A steel part is carburized at temperature T₁ and then again at a higher temperature T₂. The diffusivity D follows D = D₀ exp(−Qd/RT). Which outcome is expected at T₂?
AD decreases because higher temperature destabilizes the lattice
BD increases because the exponential term becomes less negative, raising D dramatically
CD stays the same because D₀ is fixed
DD increases linearly with temperature
In the Arrhenius expression D = D₀ exp(−Qd/RT), raising T makes the exponent −Qd/RT less negative, so exp(−Qd/RT) grows. Because the relationship is exponential, even a modest temperature increase produces a large jump in D — often an order of magnitude for a 50°C rise.
Question 2 True / False
Carbon diffusing into iron (interstitial diffusion) is faster than iron atoms exchanging sites (substitutional diffusion) because interstitial atoms do not require a neighboring vacancy to move.
TTrue
FFalse
Answer: True
Substitutional diffusion depends on a vacancy being adjacent to the diffusing atom — a relatively rare event. Interstitial atoms (like C in the iron lattice) are small enough to hop between existing gaps without waiting for vacancies, giving interstitial diffusion a lower activation energy Qd and therefore higher D at any given temperature.
Question 3 Short Answer
During carburization of steel, how does the carbon concentration profile change with increasing exposure time at constant temperature?
Think about your answer, then reveal below.
Model answer: The profile broadens and carbon penetrates deeper into the steel.

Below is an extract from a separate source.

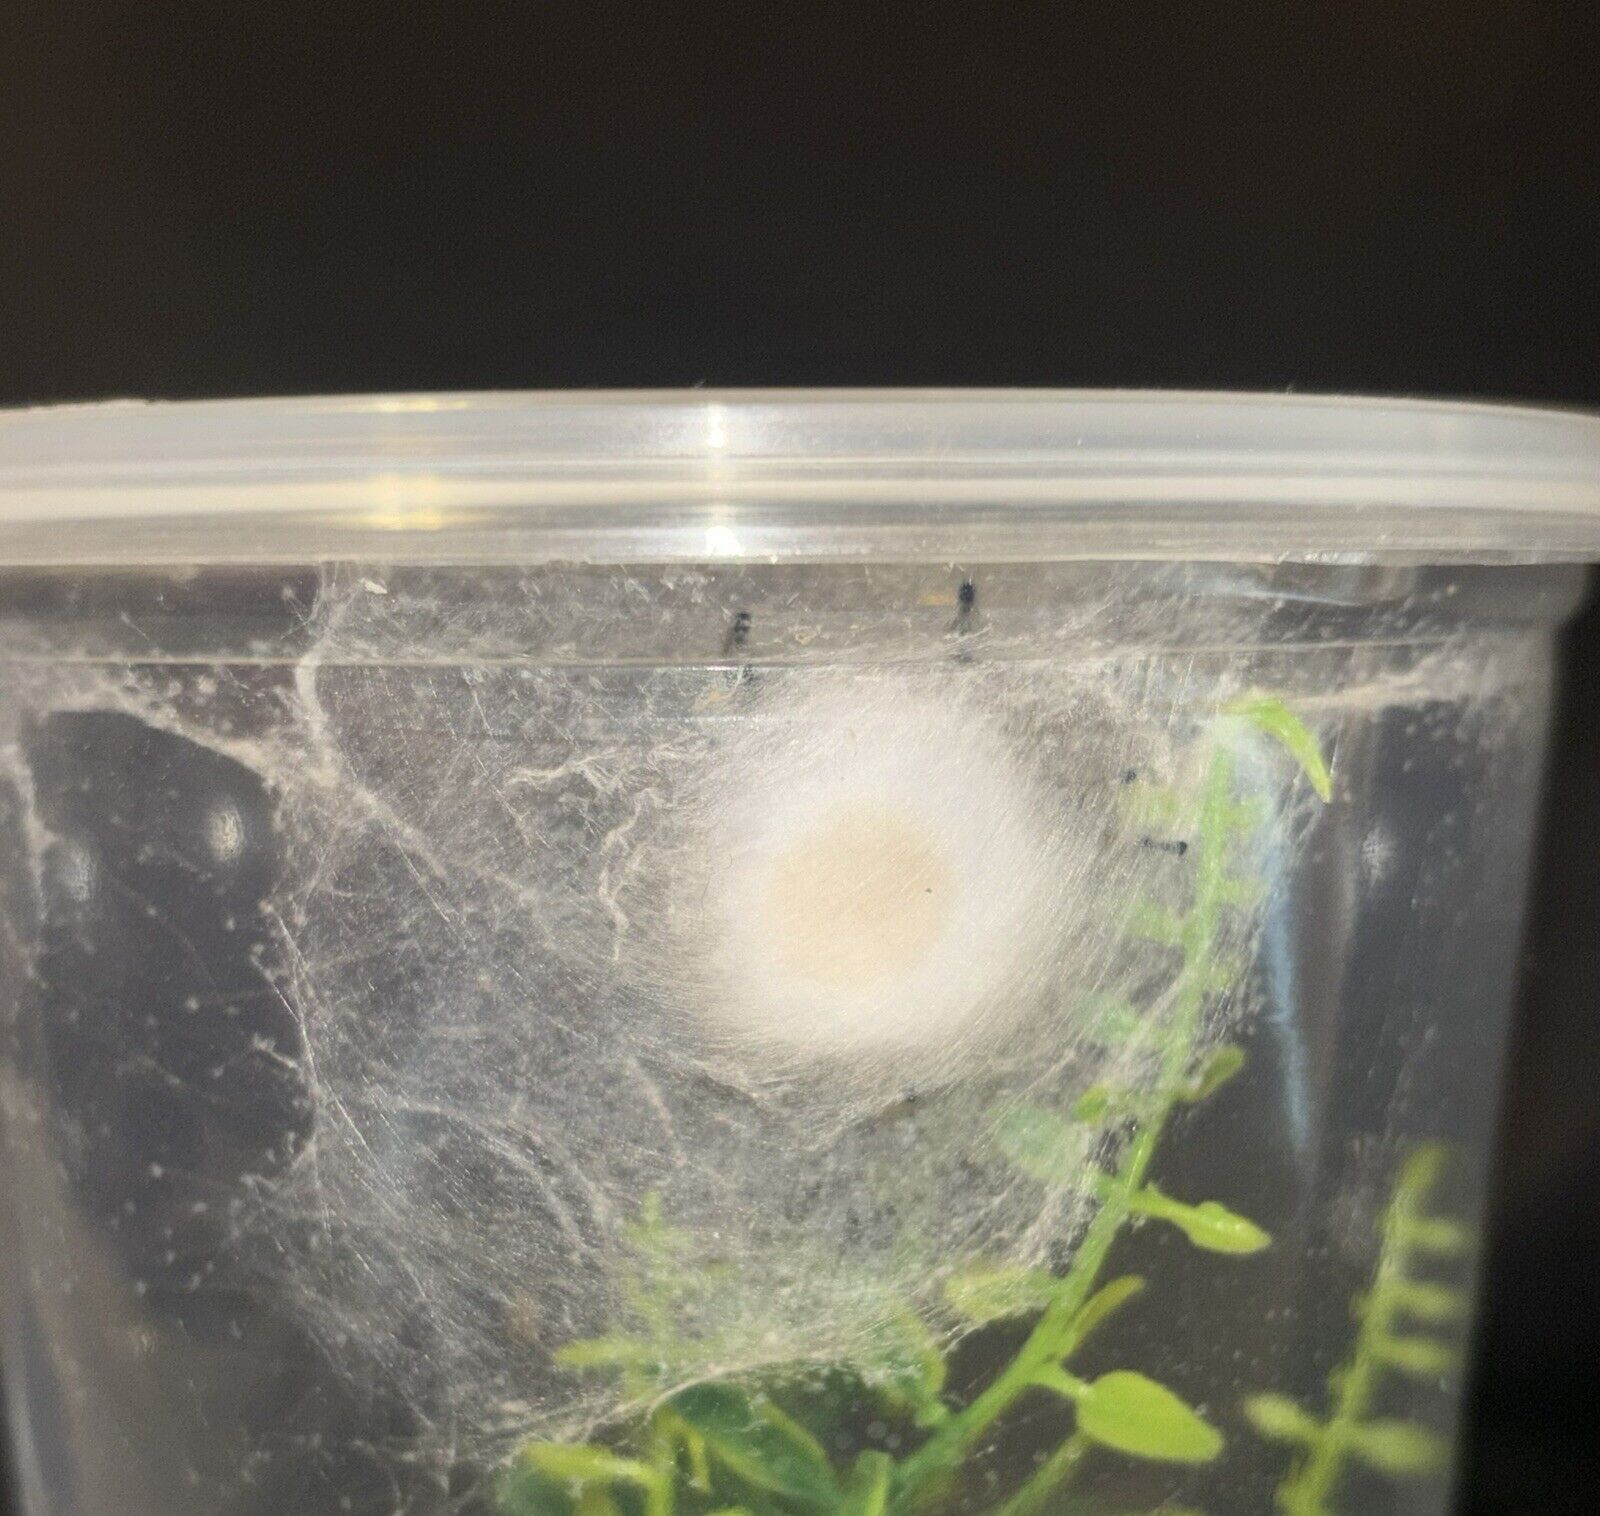 Regal Jumping Spider Egg Sac (phidippus regius)

The complementary error function solution C(x,t) = Cs − (Cs − C₀)·erf(x / 2√(Dt)) shows that the characteristic diffusion depth scales as √(Dt), so longer time t pushes the concentration profile further from the surface while the surface concentration remains fixed at Cs.
The erfc solution comes directly from Fick's second law for a semi-infinite solid with constant surface concentration. The √(Dt) scaling is fundamental: doubling the time does not double the penetration depth — it increases it by only √2. This sublinear growth explains why extremely deep case hardening requires very long times or much higher temperatures.